EFF Law Guide for Blogs and Bloggers

The EFF (Electronic Frontier Foundation) has a useful online

Legal Guide for Bloggers

which contains extensive FAQs (frequently asked questions [and answers]) covering blog and blogger liability and the legal rights and obligations of bloggers relating to:

IP (Copyrights, DMCA [Digital Millennium Copyright Act], Trademarks)
Right of Publicity
[and Libel]
Section 230 [see below]
Reporter’s Privilege
Election Law
Labor Law
Adult Materials

With respect to the above, Section 230 of the Communications Decency Act of 1996 (CDA), [which is part of the Telecommunications Act of 1996, see p. 78 in that linked pdf, Title 47 of the United States Code (47 USC § 230)], contains a very important provision. We cite the EFF comment thereto:

Section 230 says that “No provider or user of an interactive computer service shall be treated as the publisher or speaker of any information provided by another information content provider.” This federal law preempts any state laws to the contrary: “[n]o cause of action may be brought and no liability may be imposed under any State or local law that is inconsistent with this section.” The courts have repeatedly rejected attempts to limit the reach of Section 230 to “traditional” Internet service providers, instead treating many diverse entities as “interactive computer service providers.”

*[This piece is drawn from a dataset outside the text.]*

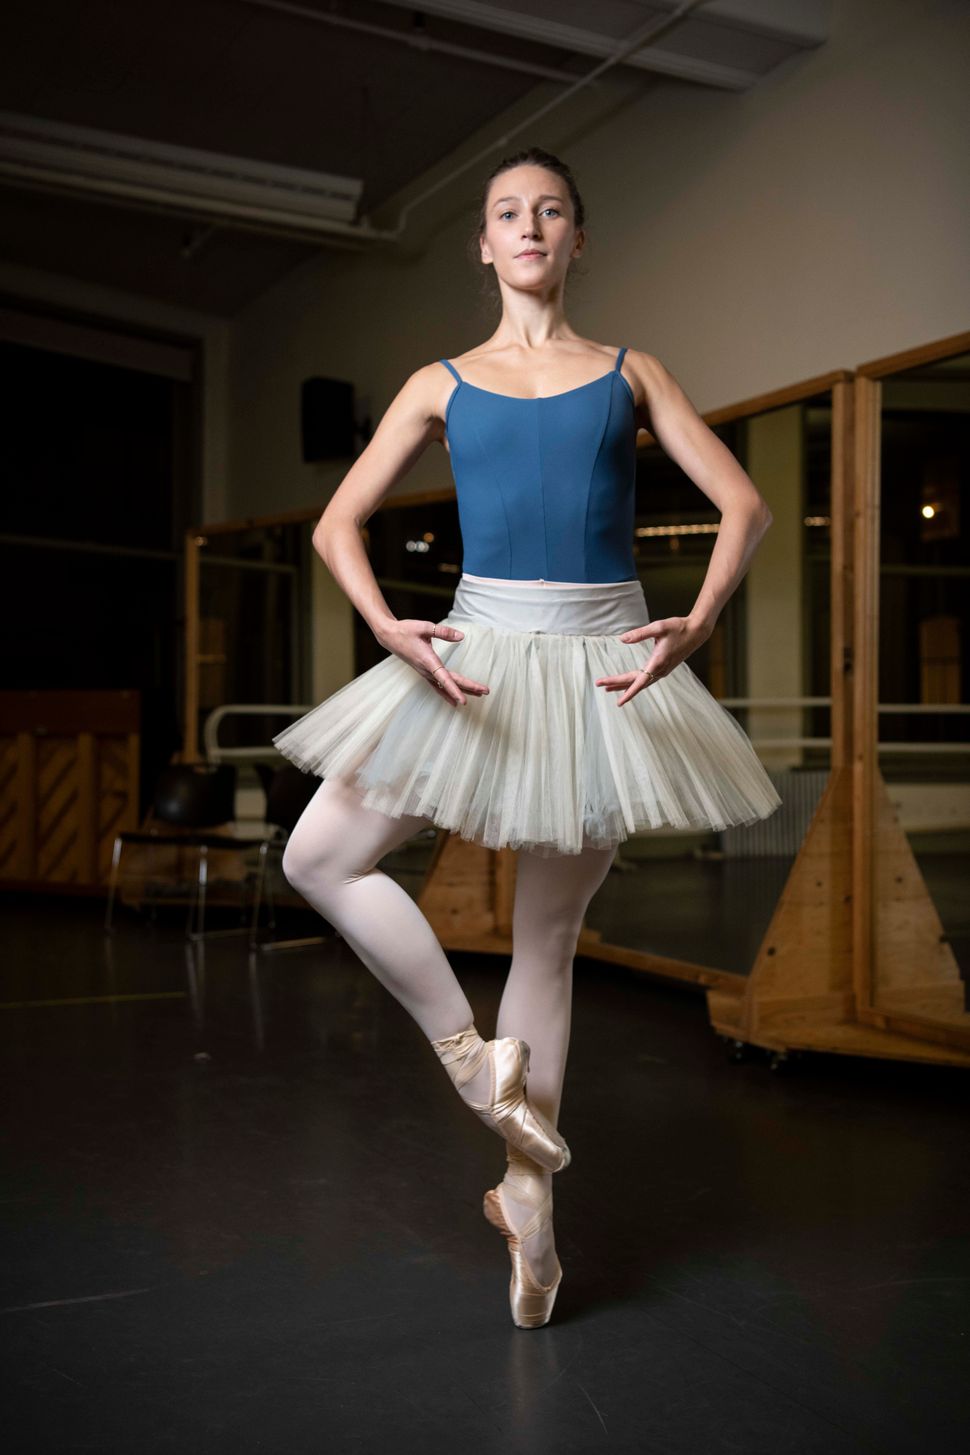 Teuscher poses in her <a href="https://ketodancewear.com/womens/" target="_blank" role="link" class=" js-entry-link cet-external-link" data-vars-item-name="Keto" data-vars-item-type="text" data-vars-unit-name="5db9e7a5e4b066da552b7126" data-vars-unit-type="buzz_body" data-vars-target-content-id="https://ketodancewear.com/womens/" data-vars-target-content-type="url" data-vars-type="web_external_link" data-vars-subunit-name="article_body" data-vars-subunit-type="component" data-vars-position-in-subunit="11">Keto</a> leotard, <a href="https://www.capezio.com/women/tights" target="_blank" role="link" class=" js-entry-link cet-external-link" data-vars-item-name="Capezio pink tights" data-vars-item-type="text" data-vars-unit-name="5db9e7a5e4b066da552b7126" data-vars-unit-type="buzz_body" data-vars-target-content-id="https://www.capezio.com/women/tights" data-vars-target-content-type="url" data-vars-type="web_external_link" data-vars-subunit-name="article_body" data-vars-subunit-type="component" data-vars-position-in-subunit="12">Capezio pink tights</a>, <a href="http://us.blochworld.com/product/S0104L" target="_blank" role="link" class=" js-entry-link cet-external-link" data-vars-item-name="Bloch Alpha pointe shoes" data-vars-item-type="text" data-vars-unit-name="5db9e7a5e4b066da552b7126" data-vars-unit-type="buzz_body" data-vars-target-content-id="http://us.blochworld.com/product/S0104L" data-vars-target-content-type="url" data-vars-type="web_external_link" data-vars-subunit-name="article_body" data-vars-subunit-type="component" data-vars-position-in-subunit="13">Bloch Alpha pointe shoes</a> and a practice tutu that was handed down to her by fellow principal <a href="https://www.abt.org/people/gillian-murphy/" target="_blank" role="link" class=" js-entry-link cet-external-link" data-vars-item-name="Gillian Murphy " data-vars-item-type="text" data-vars-unit-name="5db9e7a5e4b066da552b7126" data-vars-unit-type="buzz_body" data-vars-target-content-id="https://www.abt.org/people/gillian-murphy/" data-vars-target-content-type="url" data-vars-type="web_external_link" data-vars-subunit-name="article_body" data-vars-subunit-type="component" data-vars-position-in-subunit="14">Gillian Murphy </a>.

As the EFF writes further:

“Bloggers can be both a provider and a user of interactive computer services. Bloggers are users when they create and edit blogs through a service provider, and they are providers to the extent that they allow third parties to add comments or other material to their blogs. “

“Your readers’ comments, entries written by guest bloggers, tips sent by email, and information provided to you through an RSS feed would all likely be considered information provided by another content provider. This would mean that you would not be held liable for defamatory statements contained in it. However, if you selected the third-party information yourself, no court has ruled whether this information would be considered “provided” to you. One court has limited Section 230 immunity to situations in which the originator “furnished it to the provider or user under circumstances in which a reasonable person…would conclude that the information was provided for publication on the Internet….”

[See the Wikipedia for a good short discussion of the CDA as well as Section 230, and note that some but not all of the CDA has been found to be unconstitutional. Some online sources give a false impression in this regard. For CDA cases involving libel and defamation see Internet Law.]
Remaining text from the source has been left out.